Three or four ornaments have fallen under the tree, byproducts of Sam’s curiosity. From where I’m sitting, I now realize the missing sippy cups are under the coffee table. Coats hang from the backs of most of the dining room chairs.
Cade is asleep on the sofa, wrapped in his blanket like a mummy. Some of the books fell off the shelf tonight, a scattered pile of pages. I need to unload the dishwasher. Oh well, that can wait until tomorrow morning.
A stinkbug meanders across the ceiling. The kitchen is rather disorganized. An empty glass sits on the end table beside me.
* * * * *
Sometimes December moves so fast I can barely keep up with it. The family gatherings, the activities, the shopping: during a month when I would prefer to sit in silent contemplation, I tend to do everything except that.
Until tonight. In the midst of the chaos that is our house (Maile is away), I sit quietly in her chair and write.
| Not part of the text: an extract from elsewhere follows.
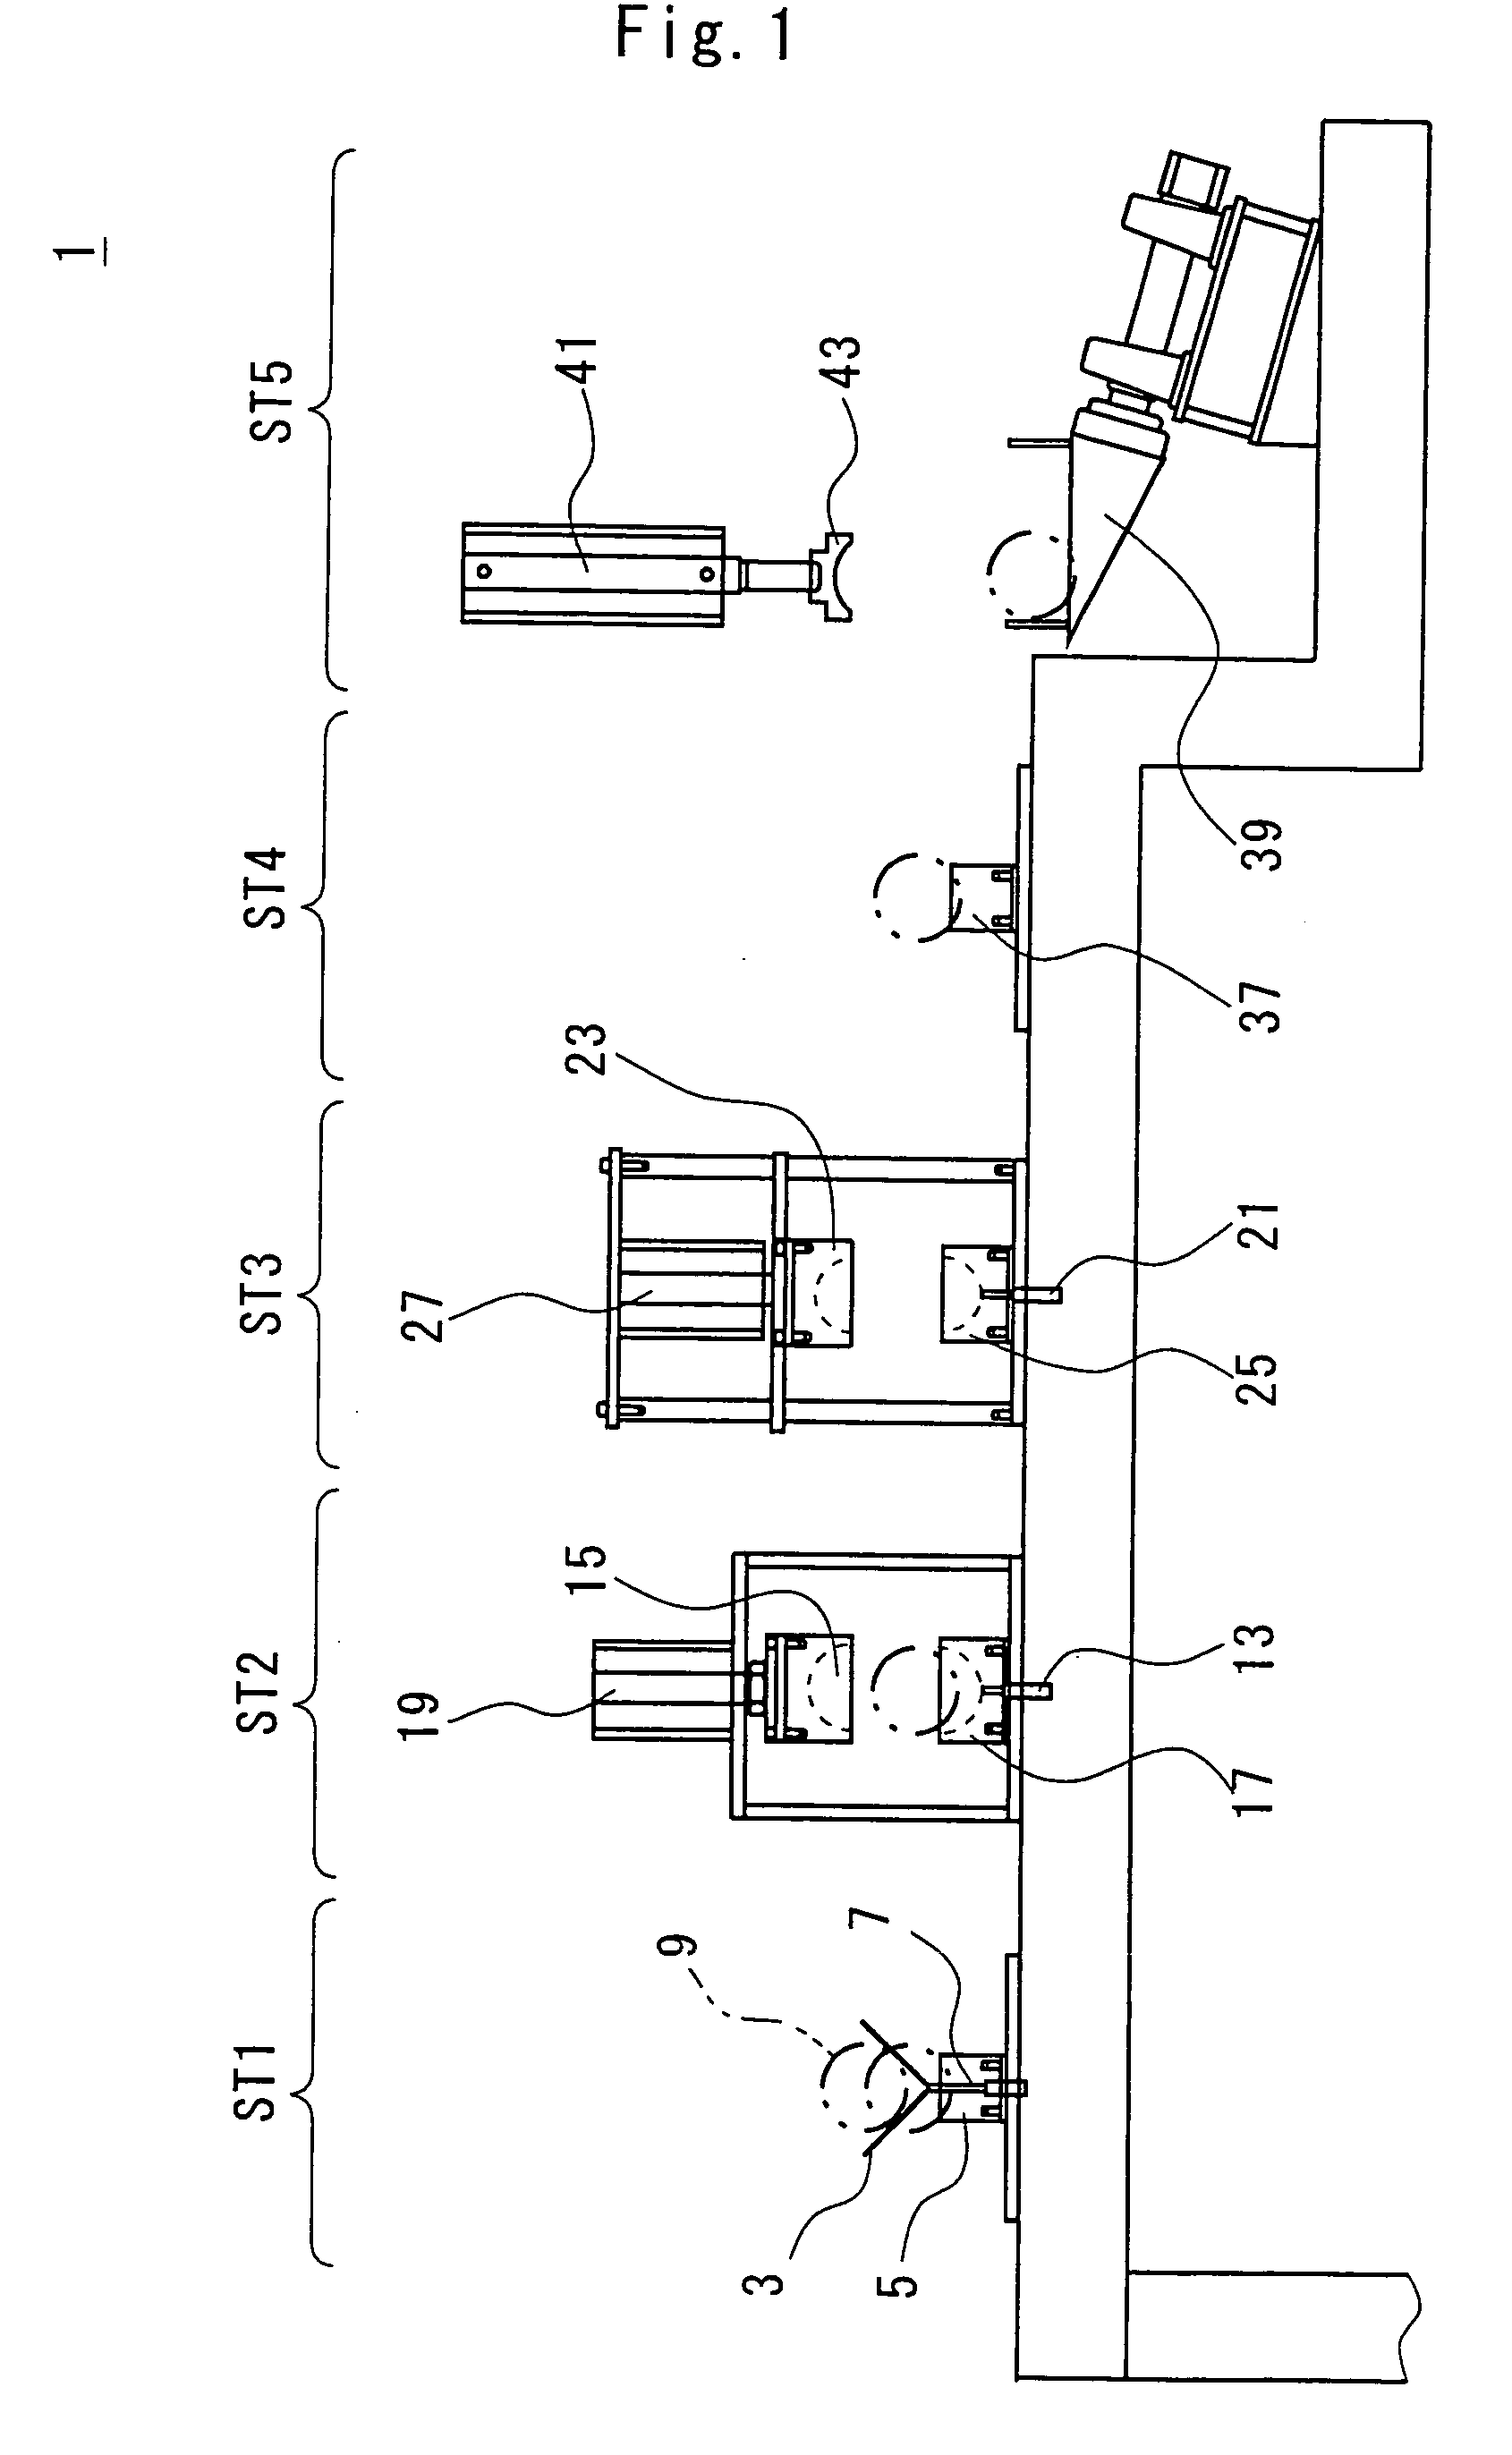 Apparatus for removing cover of golf ball from core

The kids sleep. The fan in the boys room drones its siren call, beckoning me towards sleep. The only light in the room is the Christmas tree, and it reflects off the glass deck doors, as if someone else’s tree in someone’s else’s world lies just over the threshold.
* * * * *
This silence, this peace: this is the incarnation. Peter Rollins once spoke of Christianity as having four pillars: Incarnation, Resurrection, Death, and Redemption. Tonight I feel the peace of the Incarnation.
The moment the baby stops screaming and begins to feed.
The shepherds staring into a now-empty sky.
The sun rising over Bethlehem the next morning, ushered in by an eager rooster, the first day of God with us.
There is Peace in this season, but it is a peace that requires stopping, recognizing the weight of this present moment. The weight of his presence. That is one aspect of the Incarnation I will pursue, like three men following a star through the desert.